The data =>
***
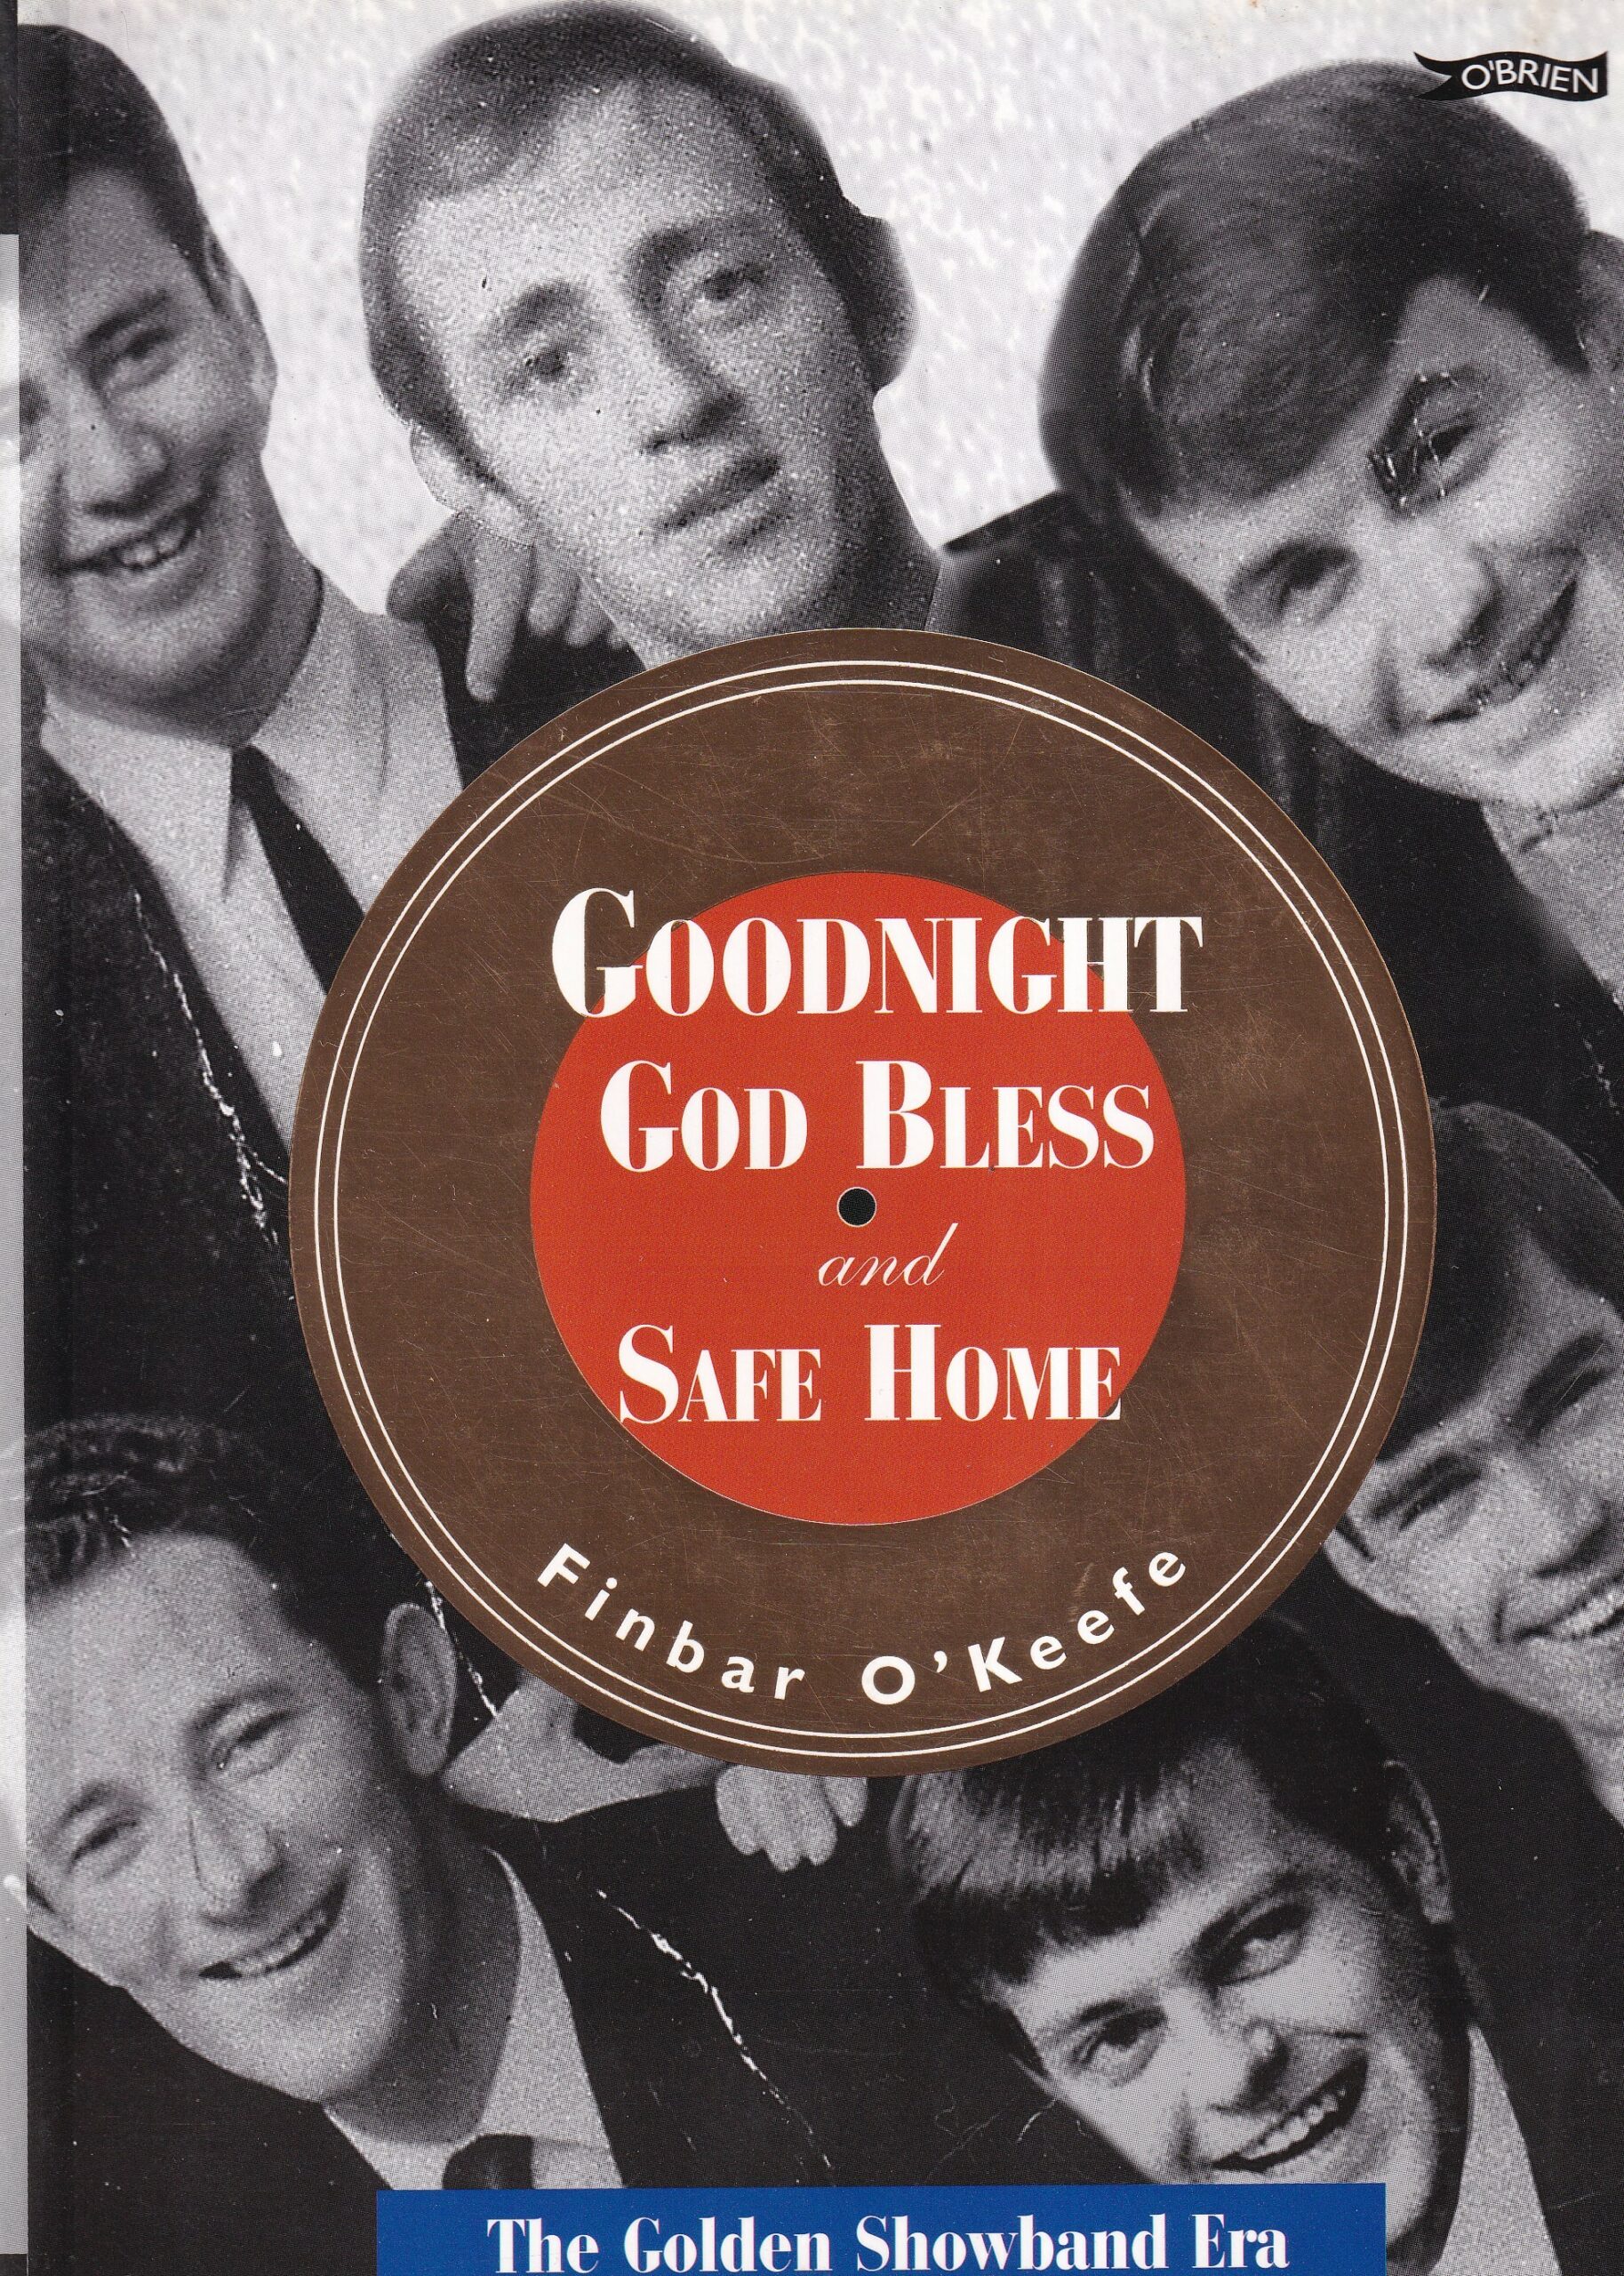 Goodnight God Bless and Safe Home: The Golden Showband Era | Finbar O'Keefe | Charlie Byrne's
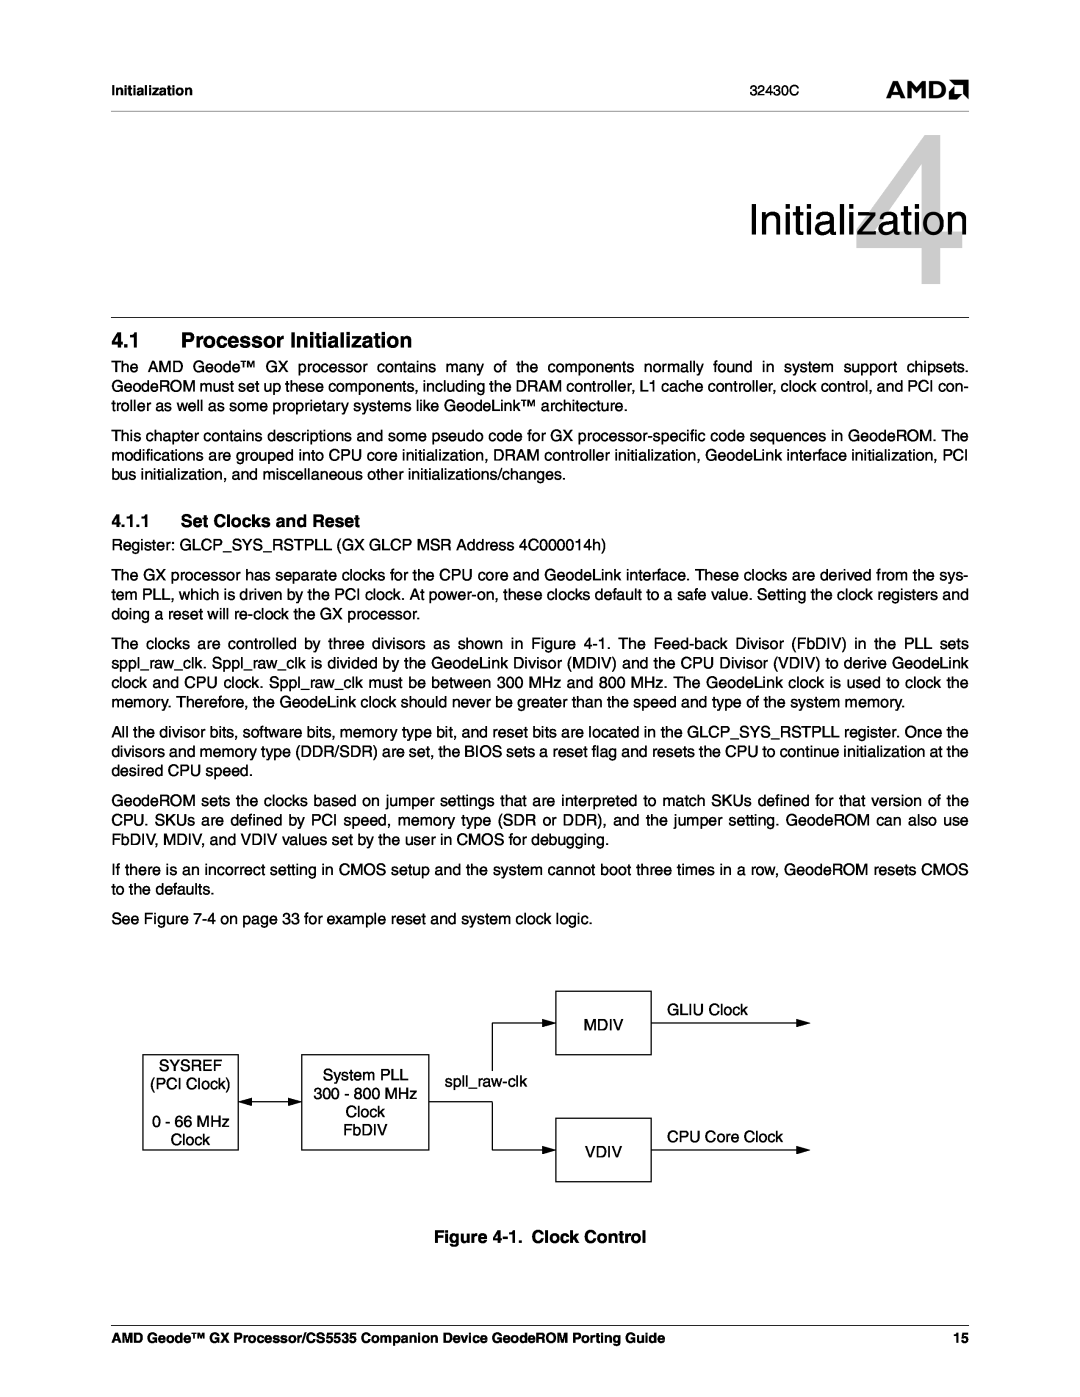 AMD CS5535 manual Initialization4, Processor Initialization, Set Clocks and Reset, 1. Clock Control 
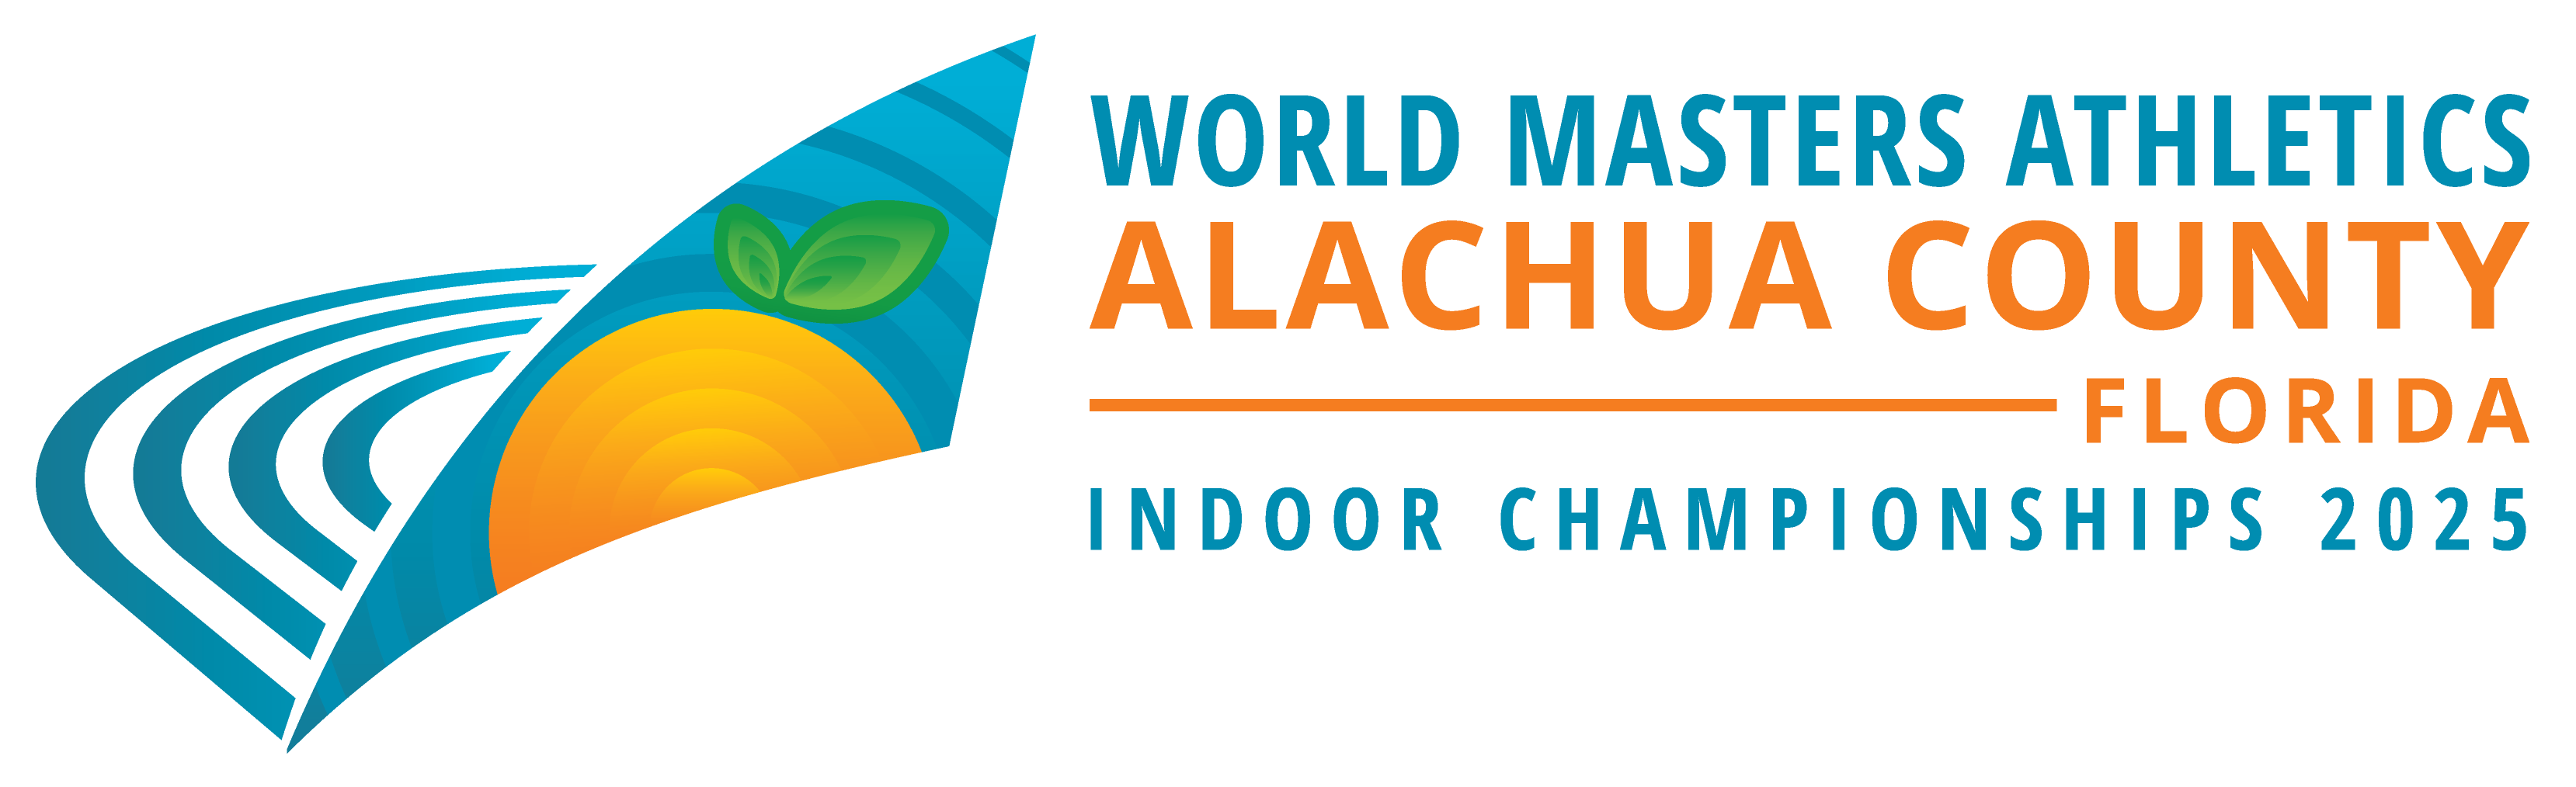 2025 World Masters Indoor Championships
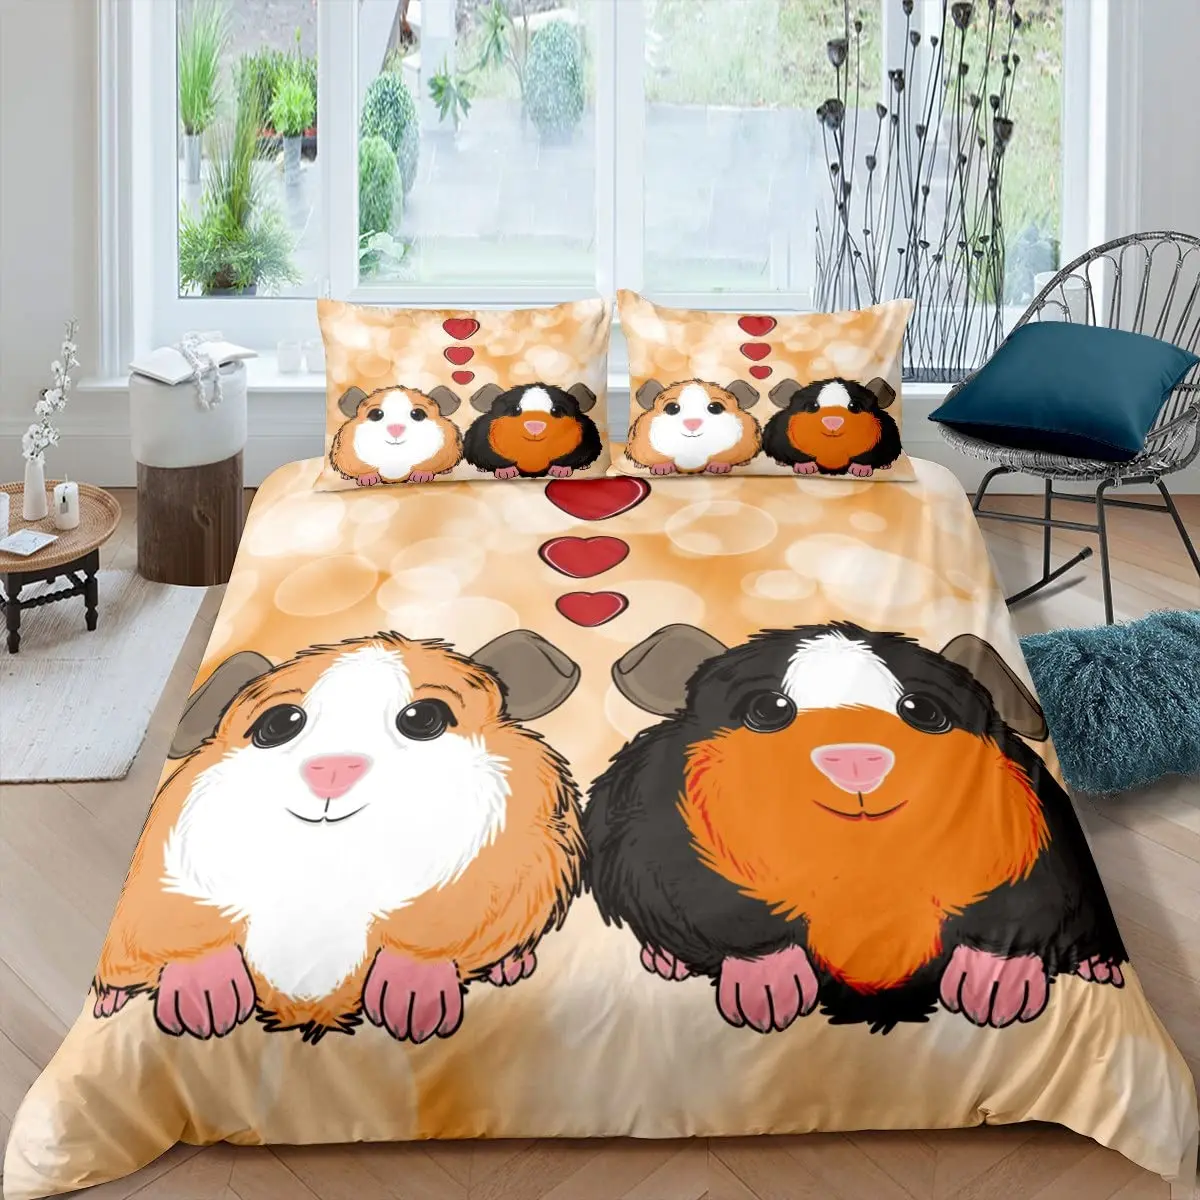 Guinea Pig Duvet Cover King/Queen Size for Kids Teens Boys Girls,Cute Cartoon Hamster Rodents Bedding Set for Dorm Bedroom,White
***
Problem details =>
What is needed is an exact copy of the lines from the start of the listing above through the line that holds "2025 World Masters Indoor Championships", with the pictures left out.

Response =>
 Goodnight God Bless and Safe Home: The Golden Showband Era | Finbar O'Keefe | Charlie Byrne's
 AMD CS5535 manual Initialization4, Processor Initialization, Set Clocks and Reset, 1. Clock Control 
 2025 World Masters Indoor Championships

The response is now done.